Physics, Mathematics, and Computer Graphics:
a dimension represents a direction of movement. For instance, in three-dimensional (3D) space, movement occurs along three primary axes: vertical (up/down), horizontal (left/right), and depth (forward/backward).

Cognitive Science, Perception, and Metaphysics:
A dimension is defined as a measurable extent of a specific kind. Simply put, it refers to any quantifiable aspect of reality that undergoes change—since measurement requires variation. Our brains interpret the world by detecting similarities and differences between stimuli. Static, unchanging phenomena lack discernible patterns, making them imperceptible to human cognition..

SD art

When observing the images above, our brains instinctively categorize the left image as 3D and the right as 2D. This distinction arises from visual cues like shadows and perspective in the left image, which simulate depth on a flat surface. Though both images exist in two dimensions, the brain reconstructs the illusion of multidimensionality by interpreting lighting, shading, and spatial relationships—mirroring how we perceive real-world objects. Coordinate systems (e.g., x, y, z axes) were developed to formalize this human understanding of spatial dimensions.

Multidimensional Space#

A multidimensional space is a mathematical construct representing a “void” where movement can occur along numerous axes. Each dimension corresponds to a distinct feature or attribute, such as color, texture, temperature, or time. These features are not limited to physical traits—abstract qualities like emotional states or abstract data parameters can also define dimensions.

Embeddings#

Embeddings are a method of translating complex data—such as text, images, or videos—into numerical representations within a multidimensional space. By converting categorical or unstructured data into vectors (ordered arrays of numbers), embeddings capture the intrinsic features, or dimensions, of the data. Each number in the vector corresponds to a specific attribute, enabling algorithms to process abstract or qualitative information mathematically.

embed embed_dim

This code will load pre-trained word embeddings, reduce their dimensionality to 3 using PCA, and plot them in a 3D space using matplotlib. You will notice words with relationship or similarity or plurals are in the same direction OR closer to each other.

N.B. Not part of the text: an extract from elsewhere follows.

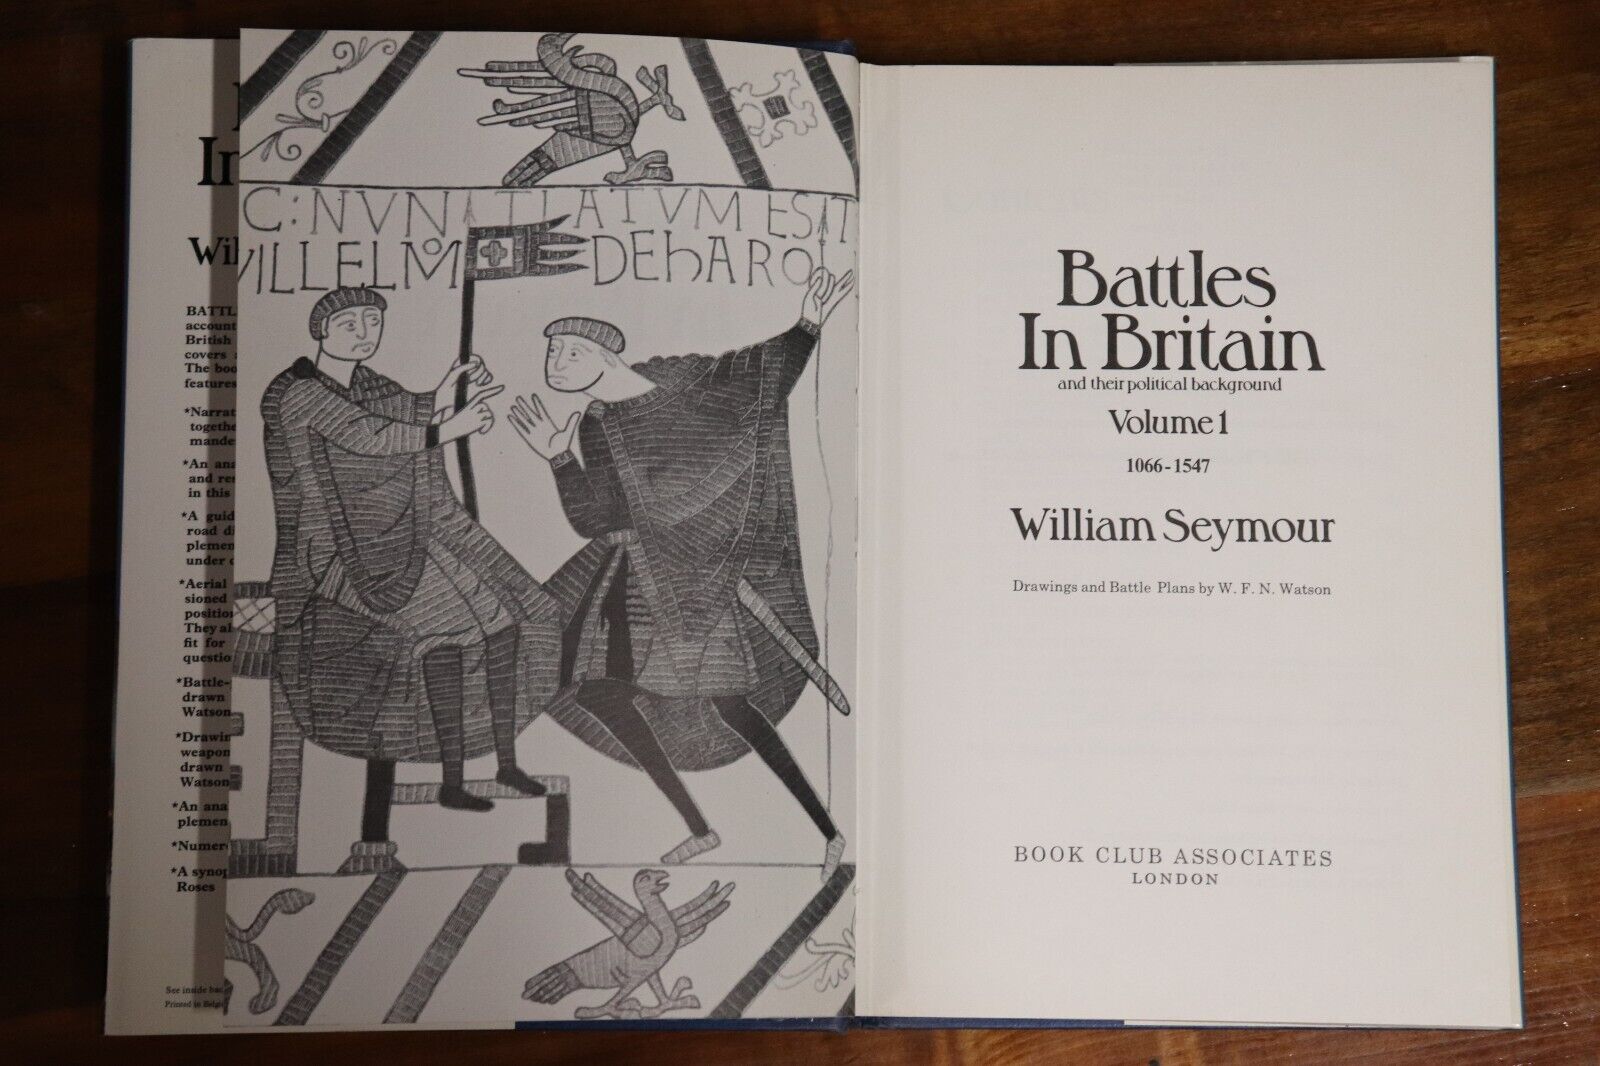 Battles In Britain 1066 to 1547 by William Seymour - 1975 - Military Book

import gensim.downloader as api
from sklearn.decomposition import PCA
import matplotlib.pyplot as plt
from mpl_toolkits.mplot3d import Axes3D

# Load pre-trained Word2Vec model
model = api.load("glove-wiki-gigaword-100")  # or use "word2vec-google-news-300" or glove-wiki-gigaword-50

# List of words to visualize
words = ['king', 'queen', 'man', 'woman', 'paris', 'france', 'cat', 'cats']

# Get word vectors
word_vectors = [model[word] for word in words]

# Reduce dimensions to 3 using PCA
pca = PCA(n_components=3)
reduced_vectors = pca.fit_transform(word_vectors)

# Plotting
fig = plt.figure()
ax = fig.add_subplot(111, projection='3d')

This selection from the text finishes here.